I will be the first one to tell you that Walmart and Sam’s Club are NOT the cheapest place to buy things. I have a real problem with Club stores. I should not have to pay them to shop at their store and if you think you are truly getting a bargain think again. The only reason we shop at Sam’s Club is because we were given a membership as a gift at Christmas. If you can get a free membership, then you may be able to cash in a little, but it won’t be much.
Let’s look at a few comparisons, shall we?
Jiff Peanut Butter 40oz
Market basket: $3.98
Sam’s Club: $9.98 2pk (That’s a penny more than Walmart and remember you had to PAY to shop there.)
White Vinegar 1 gallon
Market Basket: $1.99
Sam’s Club: $3.88 2pk
Betty Crocker Cake Mix
Market Basket: $1.29
Sam’s Club: N/A
As you can see, prices can be all over the map and while you may save a few pennies on one item, you could potentially spend more on others. The good news for us frugal shoppers is that almost every town has a well-known store where you typically save over all. For us it is Market Basket. While it is not the most diverse store, they cannot be beat on prices for your basics.

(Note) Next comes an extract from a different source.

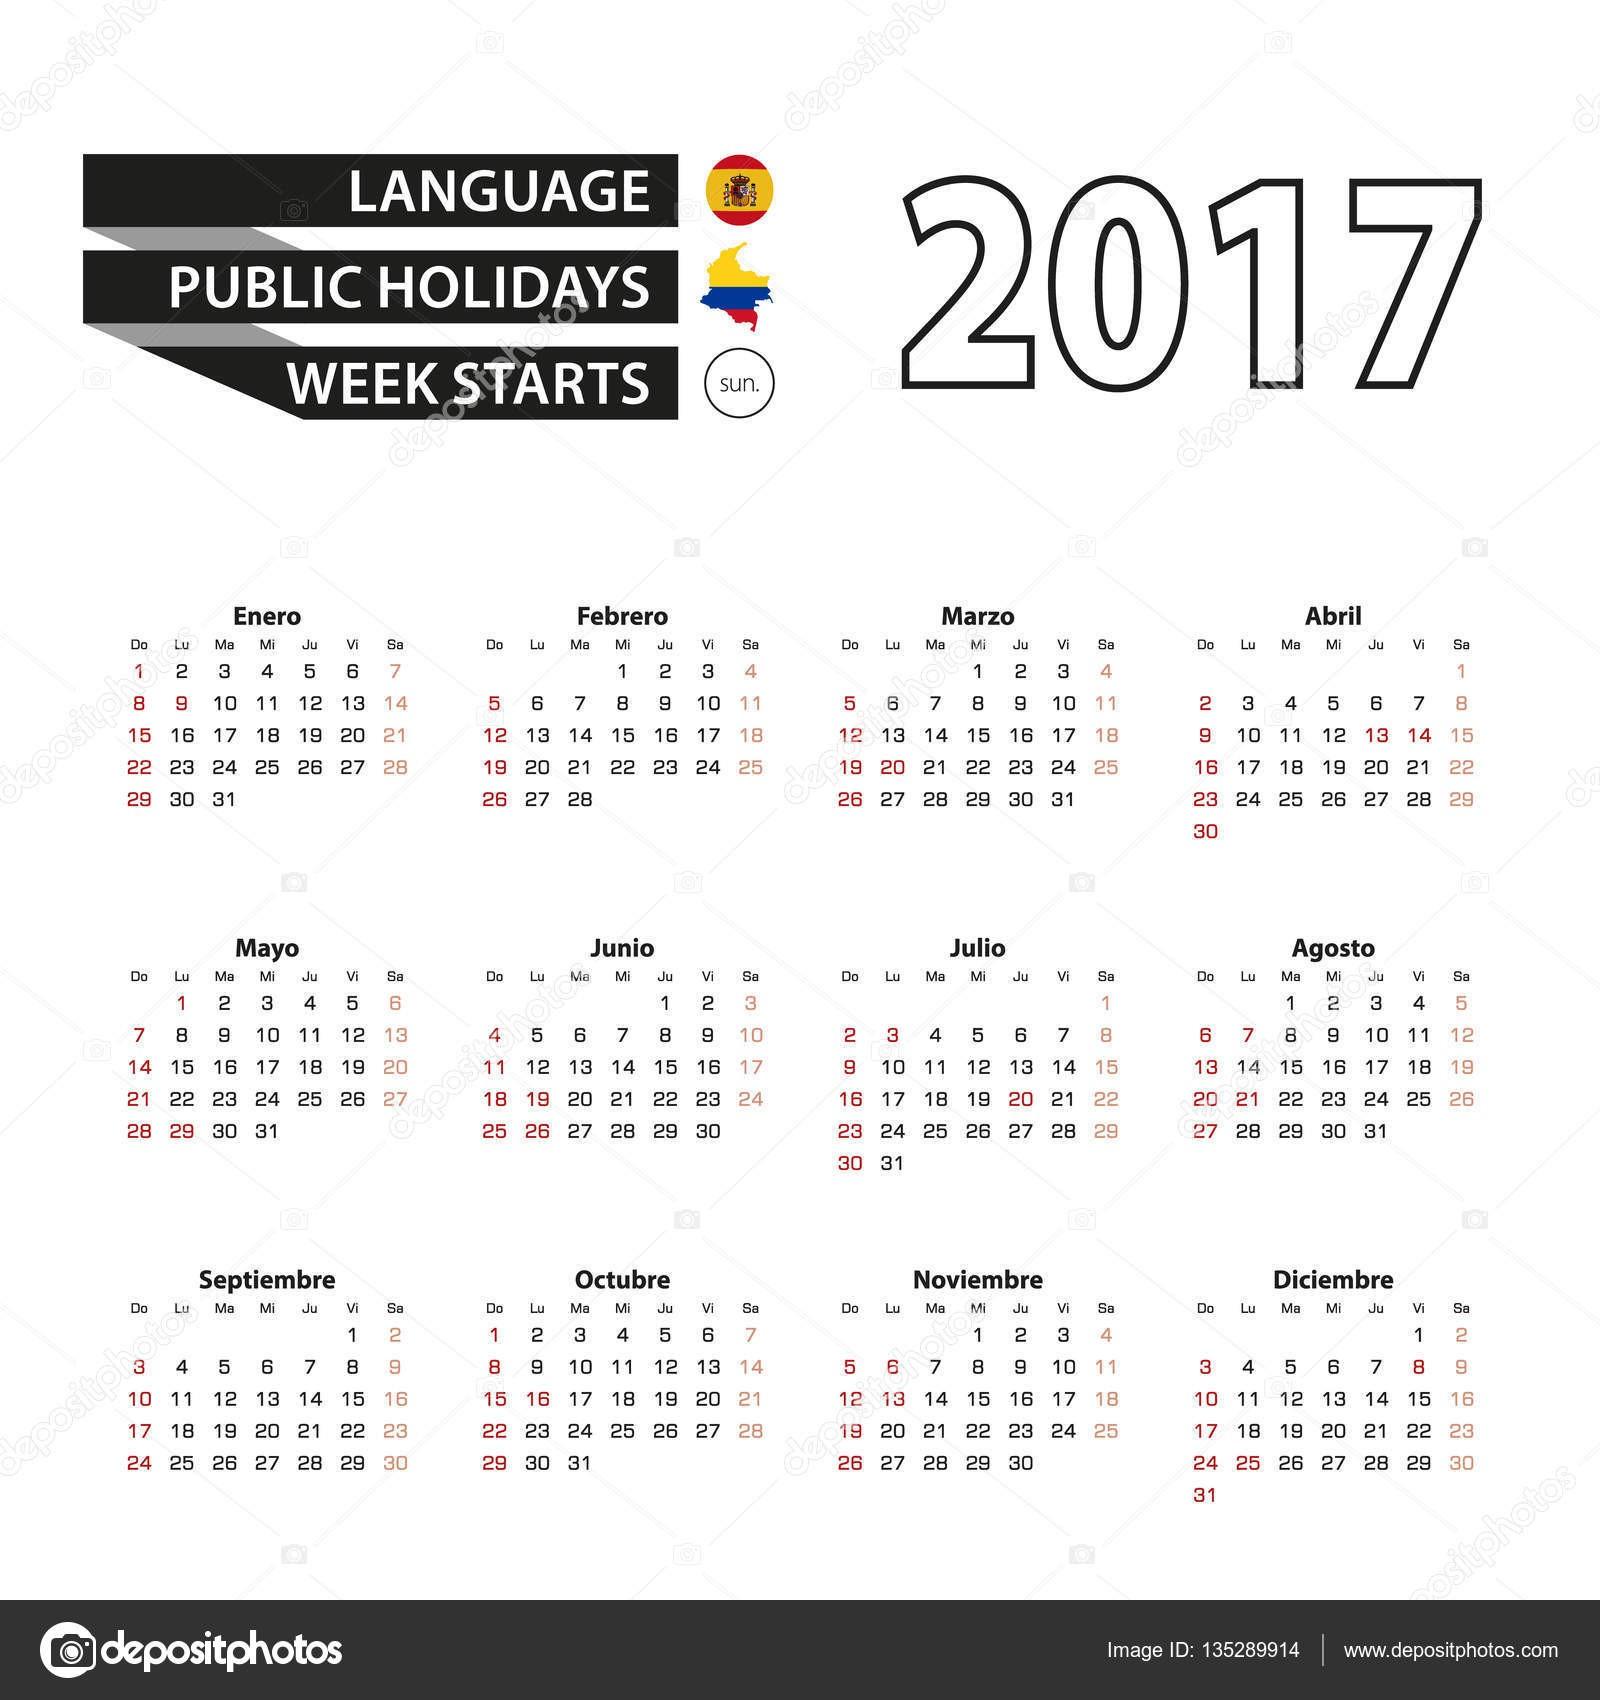 stock illustration calendar 2017 on spanish language

Hannaford’s carries the organics and locally sourced foods we enjoy. Once we started looking at the food we were buying we realized that very little of it was healthy for us. We have made some changes and plan to make more, but again, that is for a future blog.
Another trick to lowering your grocery bill is using cash. I took my $50 to the store and I was amazed at how much closer I looked at prices. I looked at the Market Basket circular for that week, planned some loose meals for the week and then made sure I didn’t buy any extras.
How did I do?
I bought enough food to make:
A whole chicken dinner
Shepard’s pie (with stew meat instead of hamburger because, believe it or not, they were the same price per pound and if you knew what went into grocery store hamburger you’d vomit anyway.)
Whole Chicken Leg dinner
We also wanted to try goat meat, so we bought one pound from a local farm to make a stew.
That is enough to make seven meals and have enough leftovers for lunch the next day.
What did I spend?
I spent $44.00 at the grocery store and $12.00 for the goat meat. A total of $56.00. Not bad.
I will be the first to admit that there may be weeks where we will need to spend a little more, but there will also be weeks when we can spend less. We rarely eat out as we like our own cooking better and we have made sure that we make time in our lives to cook meals together.
So there you have it… our food cost savings.